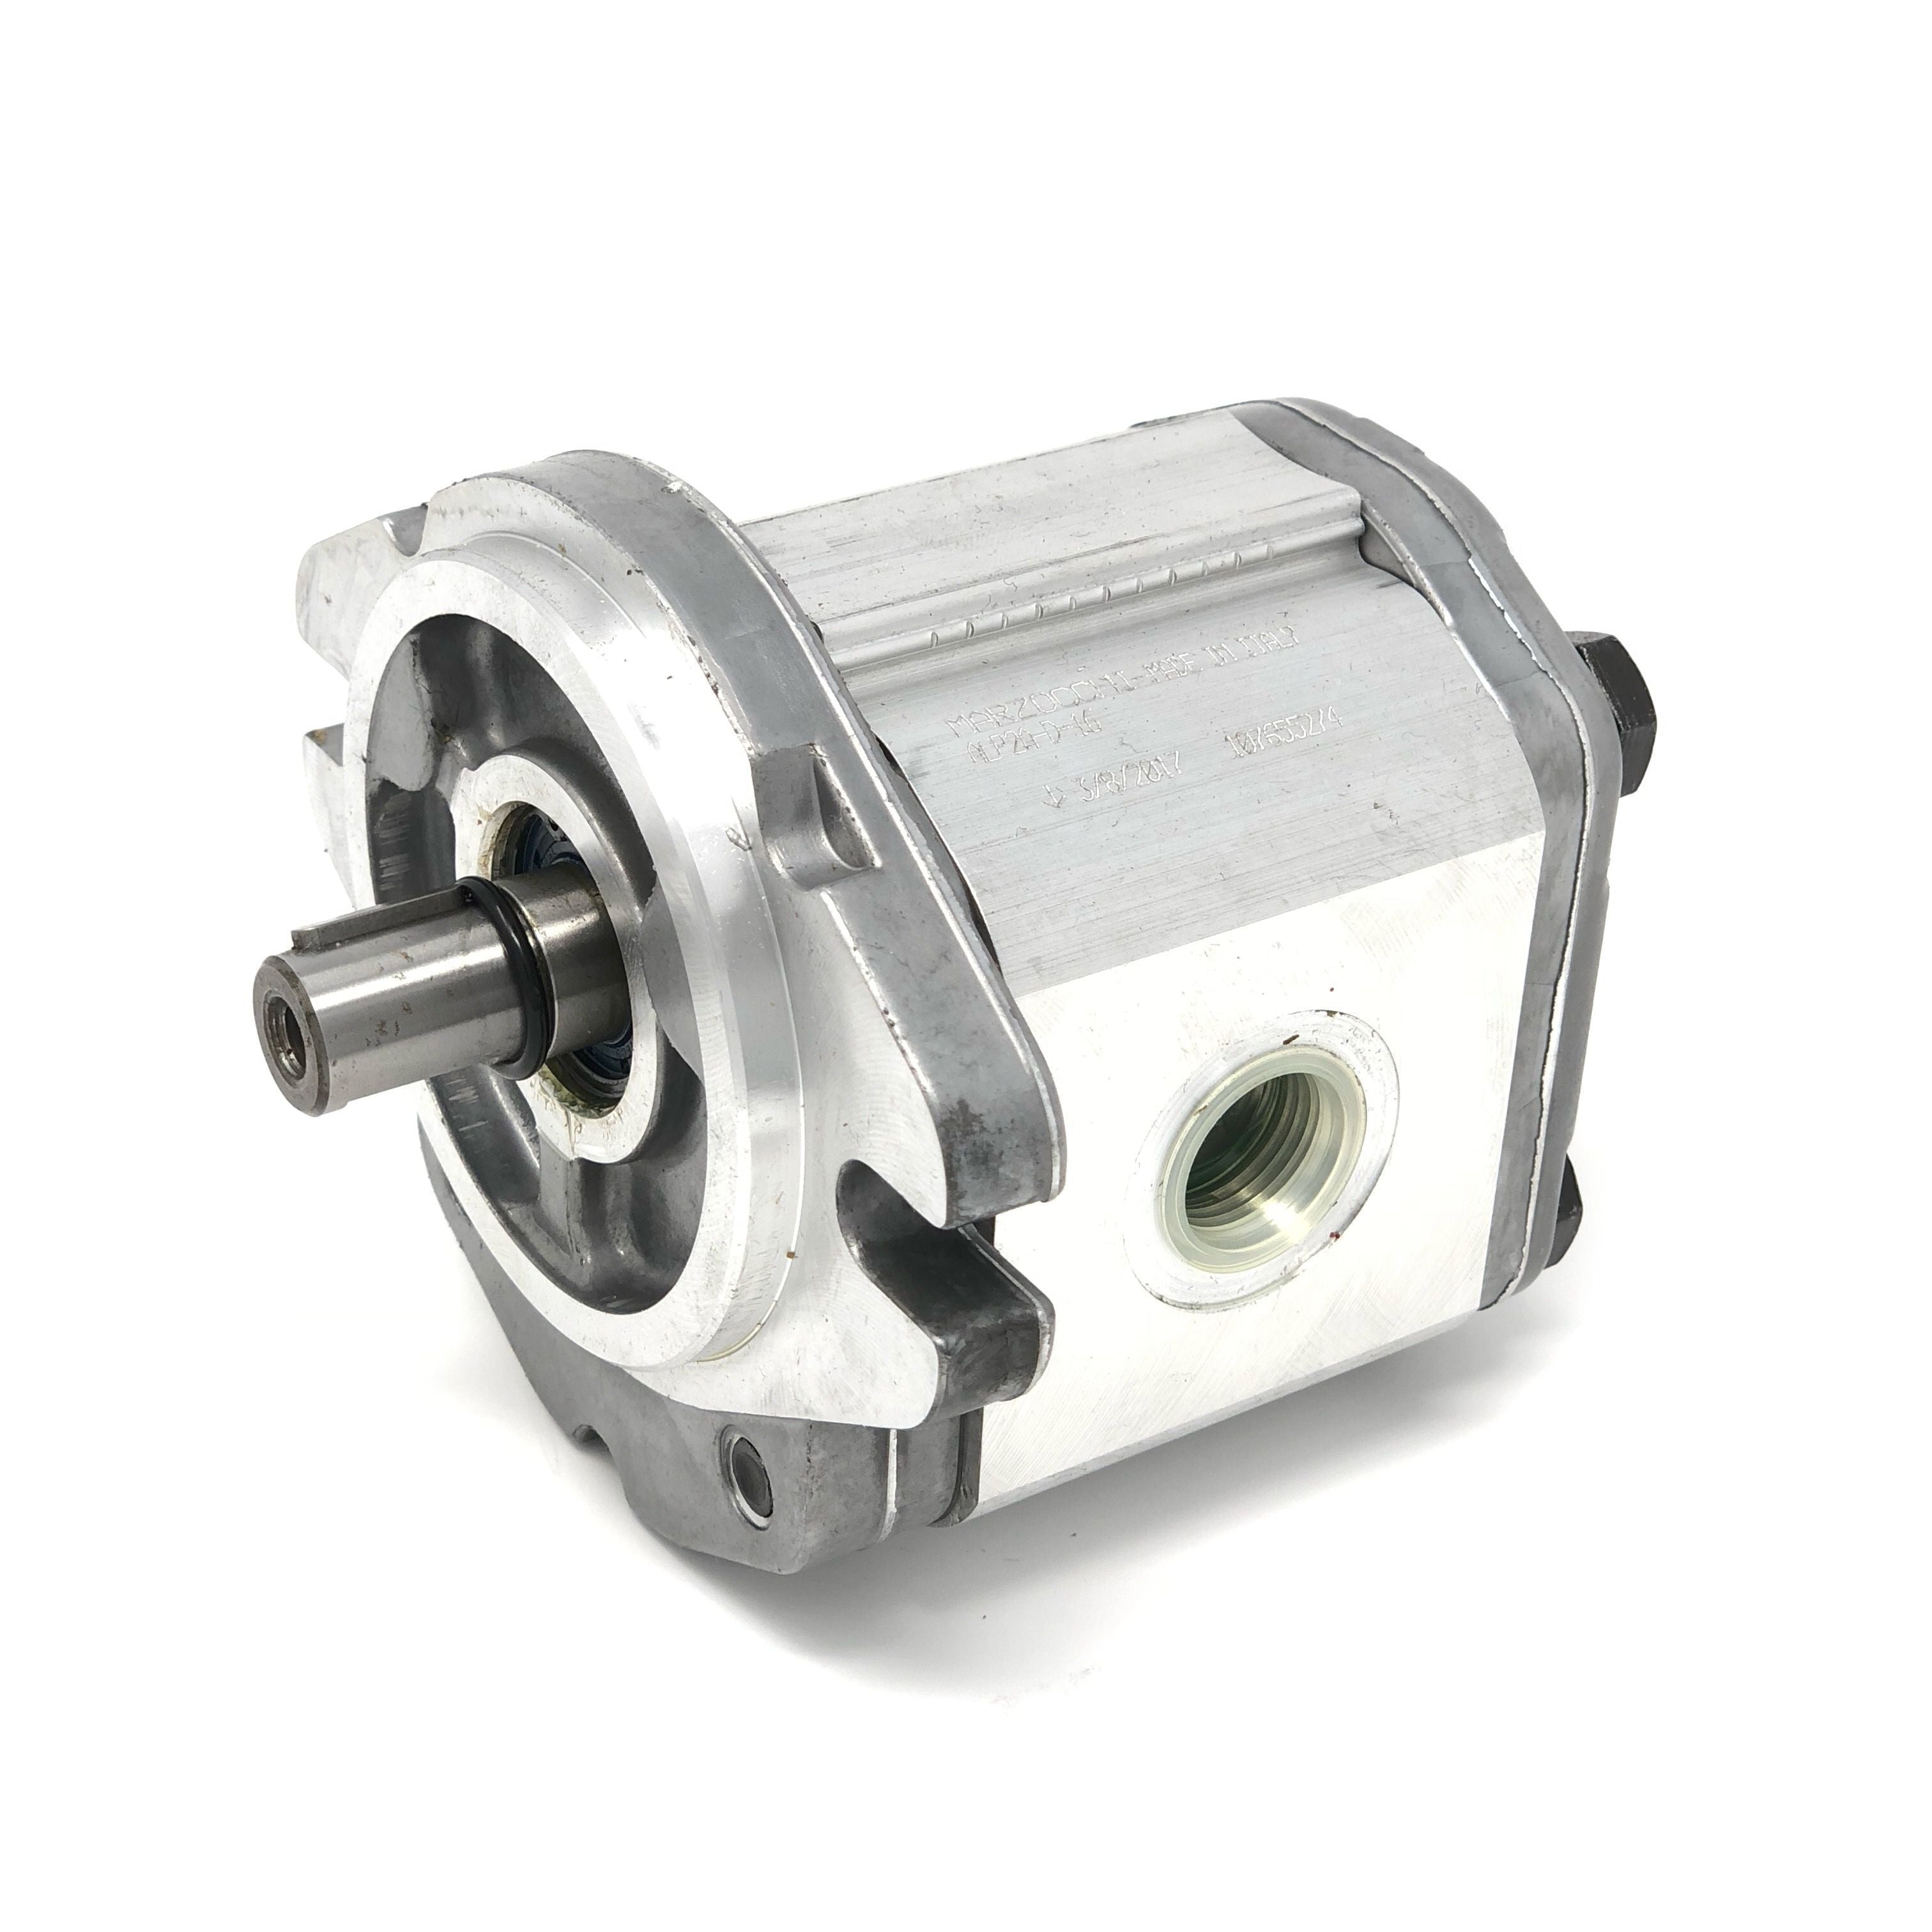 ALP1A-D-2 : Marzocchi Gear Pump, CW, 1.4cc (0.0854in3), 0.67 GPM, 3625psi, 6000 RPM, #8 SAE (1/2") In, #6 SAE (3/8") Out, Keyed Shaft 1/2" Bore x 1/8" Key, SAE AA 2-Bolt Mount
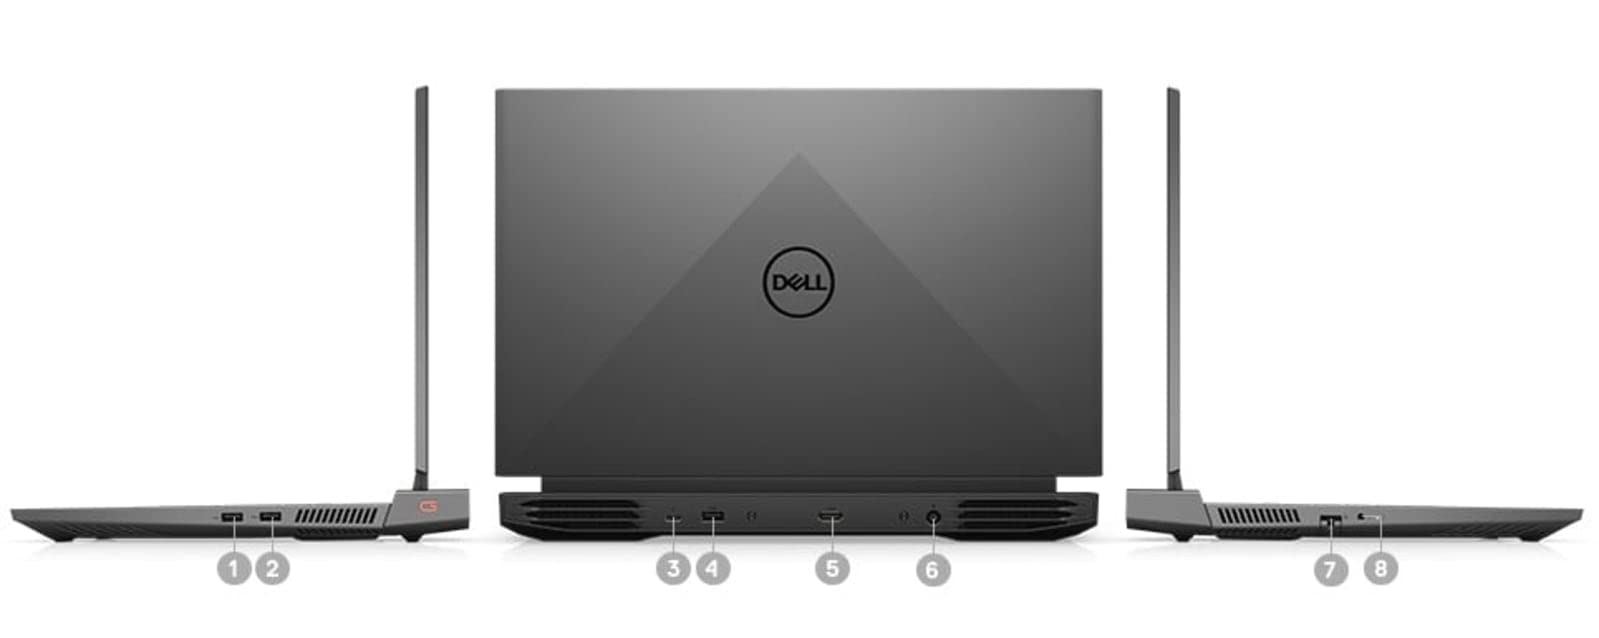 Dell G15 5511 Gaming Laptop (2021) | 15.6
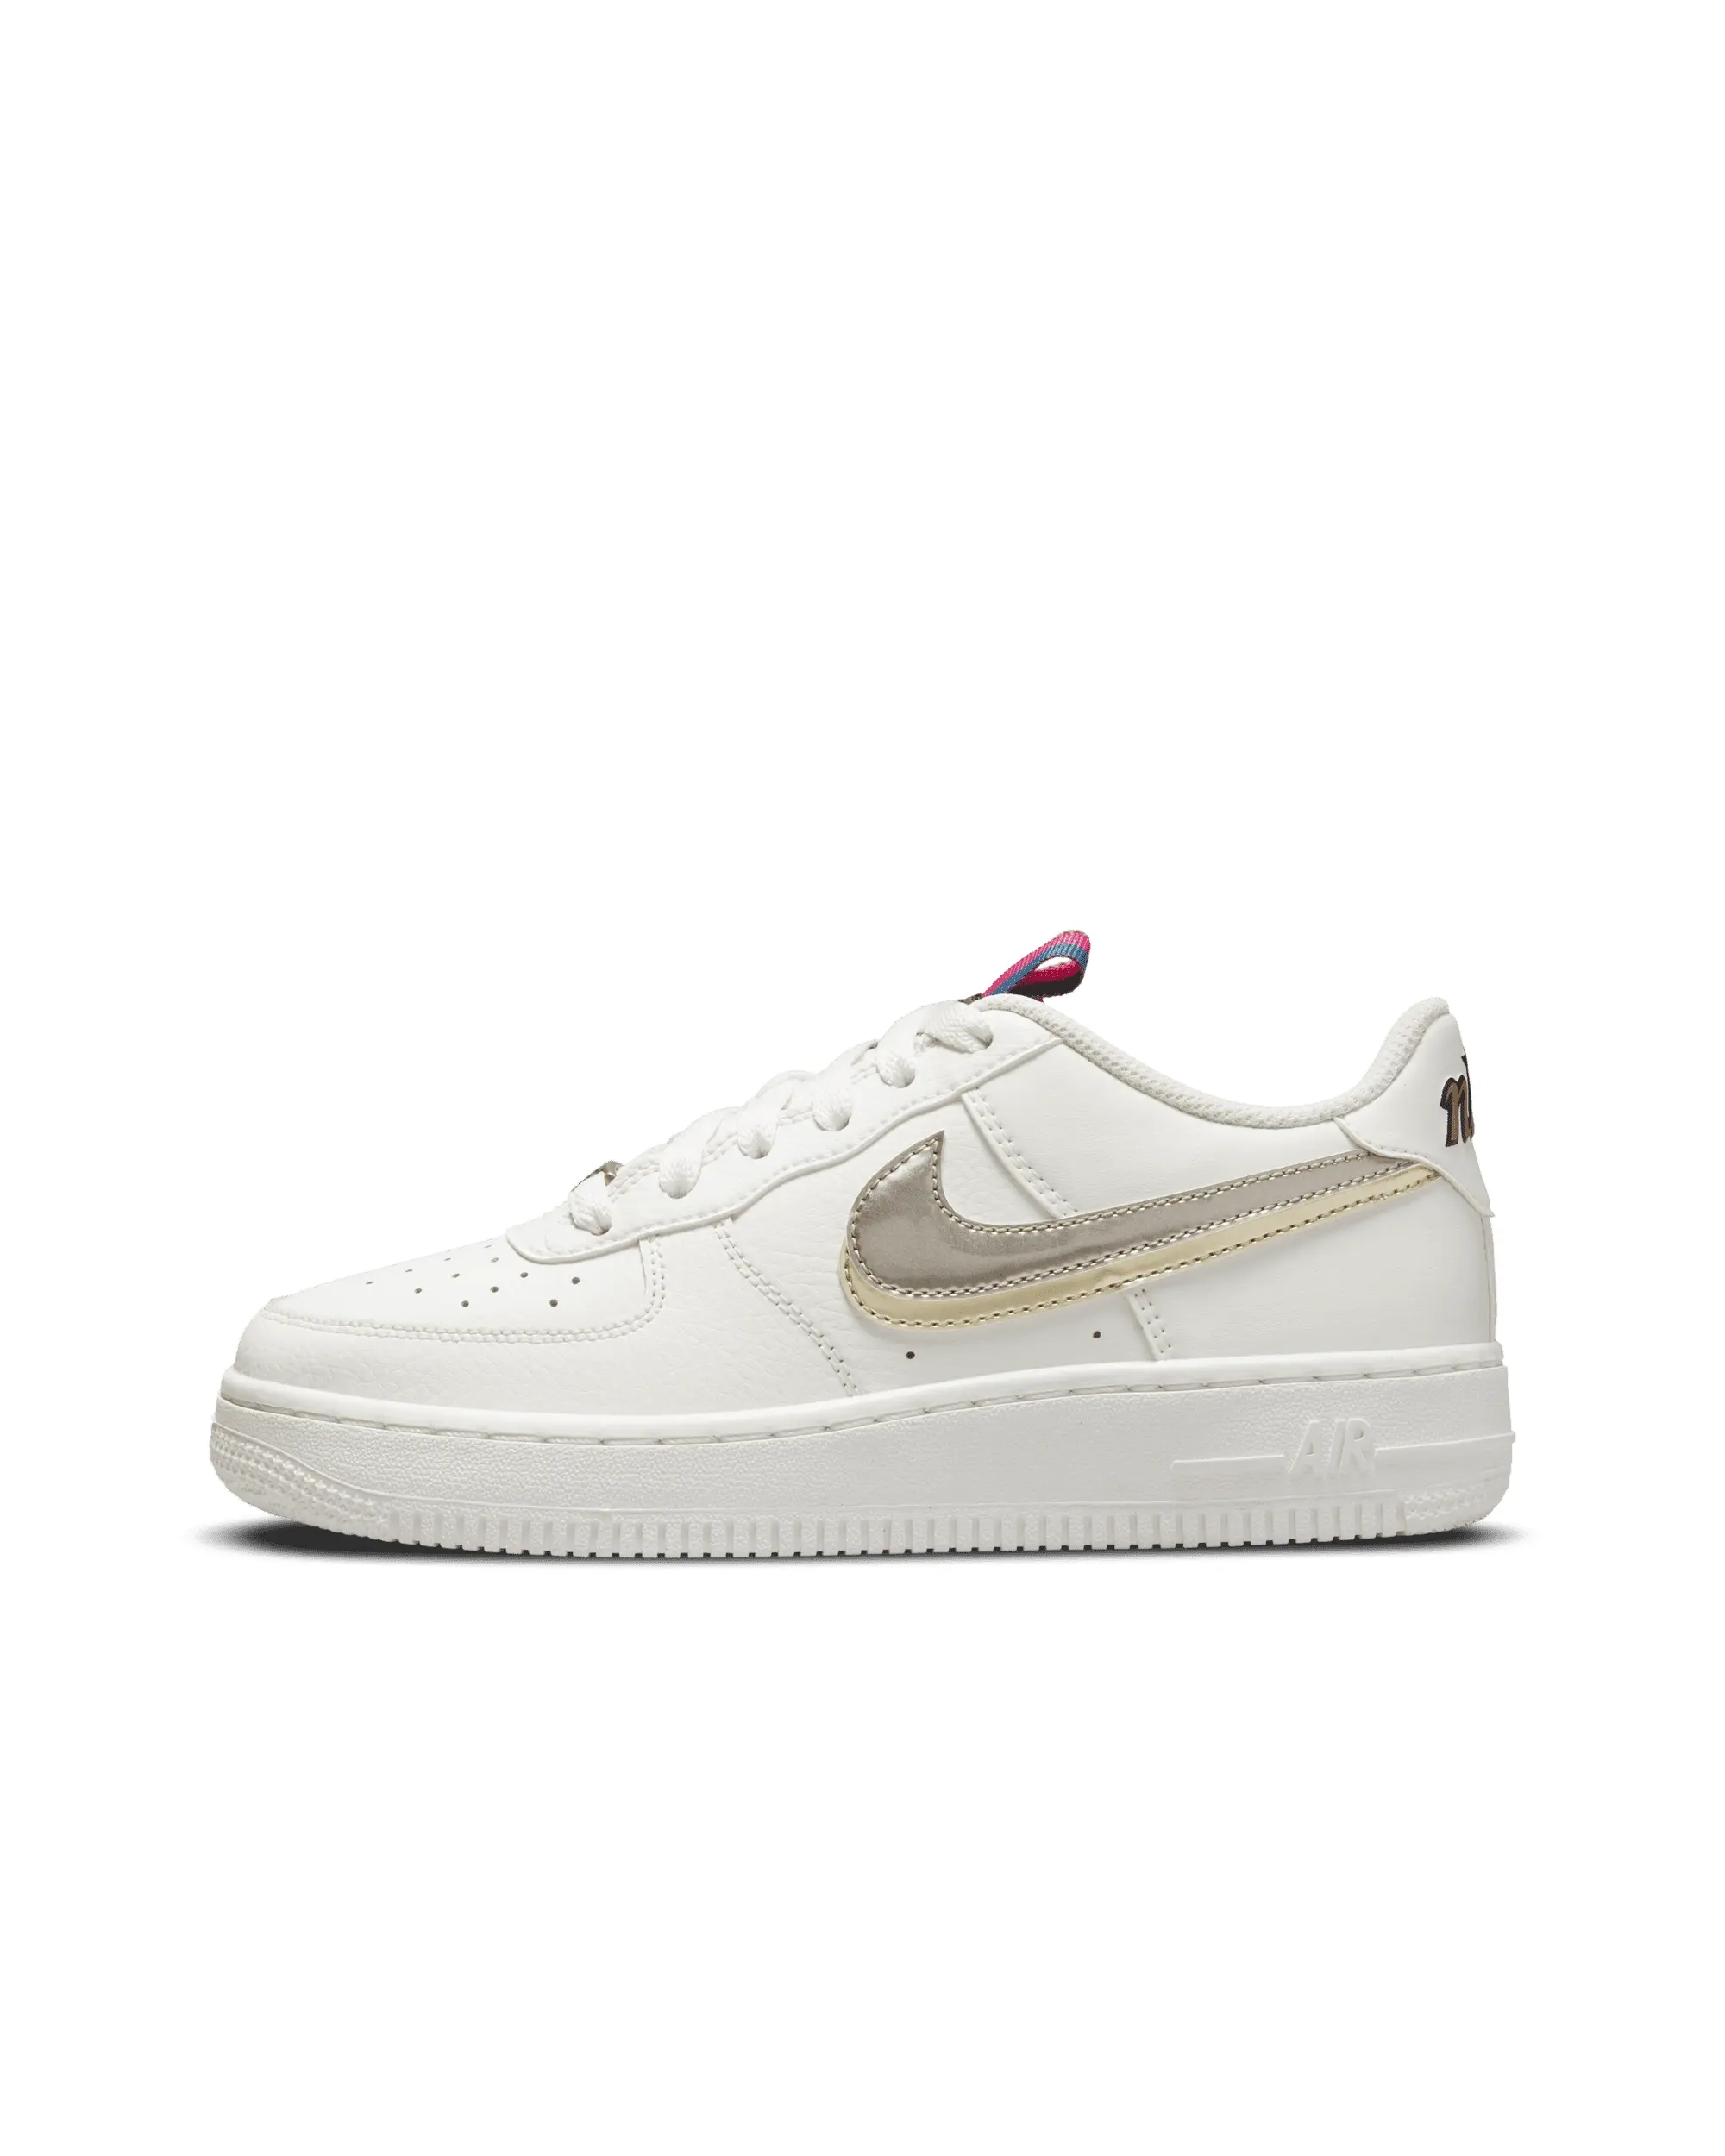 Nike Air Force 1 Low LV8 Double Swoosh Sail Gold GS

* Problem description: Restate the material word for word, minus pictures.

* Answer to this problem:
 ALP1A-D-2 : Marzocchi Gear Pump, CW, 1.4cc (0.0854in3), 0.67 GPM, 3625psi, 6000 RPM, #8 SAE (1/2") In, #6 SAE (3/8") Out, Keyed Shaft 1/2" Bore x 1/8" Key, SAE AA 2-Bolt Mount
 Dell G15 5511 Gaming Laptop (2021) | 15.6
 Nike Air Force 1 Low LV8 Double Swoosh Sail Gold GS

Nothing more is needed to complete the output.